We now discuss the general fact. Suppose $X \sim binomial(n,p)$ and $Y \sim binomial(m,p)$. With $Z=X+Y$ an independent sum, we show that $X \lvert Z$ has a hypergeometric distribution.

$\displaystyle P[X=x \lvert Z=z]=\frac{\displaystyle \binom{n}{x} p^x (1-p)^{n-x} \thinspace \binom{m}{z-x} p^{z-x} (1-p)^{m-(z-x)}}{\displaystyle \binom{n+m}{z} p^z (1-p)^{n+m-z}}$

After canceling out the terms for $p$ and $1-p$, the following is the probability function for the hypergeometric distribution:

$\displaystyle P[X=x \lvert Z=z]=\frac{\displaystyle \binom{n}{x} \binom{m}{z-x}}{\displaystyle \binom{n+m}{z}}$

The above probability distribution describes the situation where there are $n+m$ similar objects, with $n$ objects belong to one class (say green balls) and $m$ objects belong to another class (say yellow balls). We choose $z$ balls out of $n+m$ balls without replacement. The above probability is the probability of having a result of $x$ green balls and $z-x$ yellow balls. There are $\binom{n}{x}$ many ways of choosing $x$ green balls out of $n$ green balls. Likewise, there are $\binom{m}{z-x}$ many ways of choosing $z-x$ yellow balls out of $m$ yellow balls.
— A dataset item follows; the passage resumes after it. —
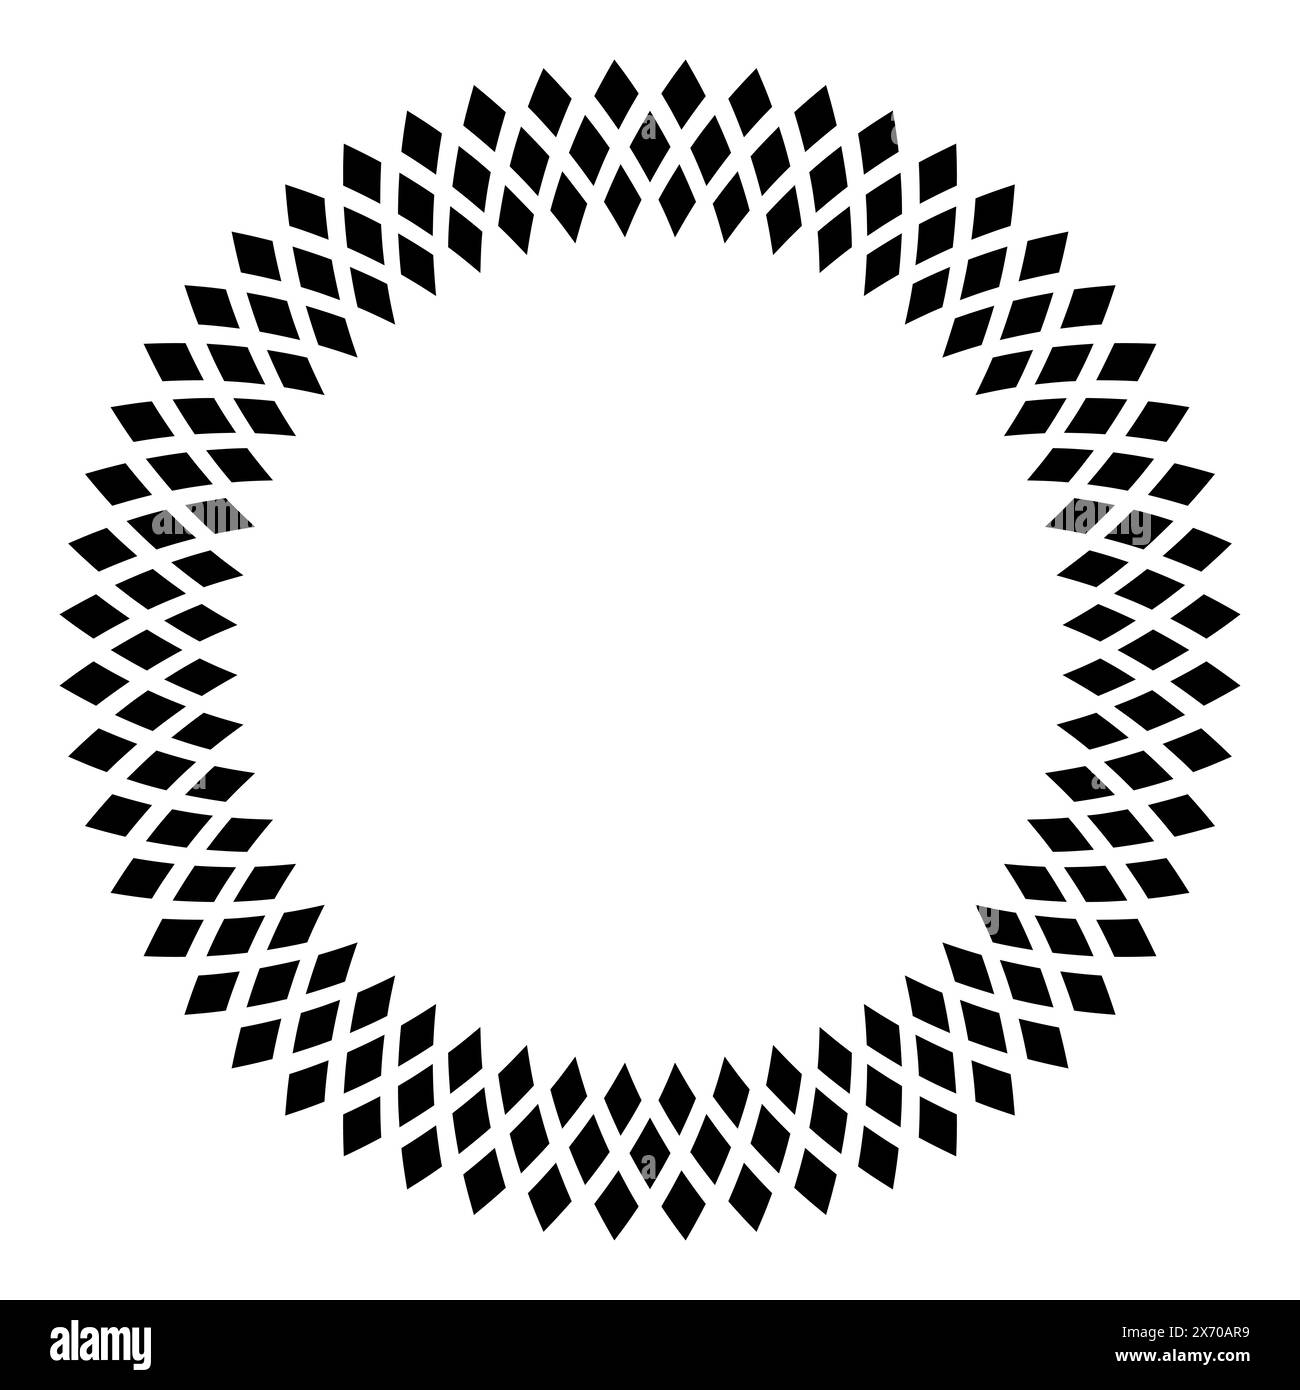 Diamond pattern circle frame. Three rows of black diamond shapes, creating a decorative border with Hermann grid and scintillating grid illusion. Stock Photo

The total number ways the joint operation can take place is $\binom{n}{x} \binom{m}{z-x}$. Of course, we assume that each of the $\binom{n+m}{z}$ ways of selecting $z$ balls out of $n+m$ balls is equally likely.

In the conditional probability in our example, the probability of success (0.25) in the individual Bernoulli trials that make up the two binomial distributions is not used. This is because the terms for $p$ and $1-p$ are canceled out. If each multiple choice quiz has a different probability of success, then the resulting conditional distribution $P[X=x \lvert X+Y=z]$ is no longer hypergeometric. In that case, the conditional probability must be obtained by first principle.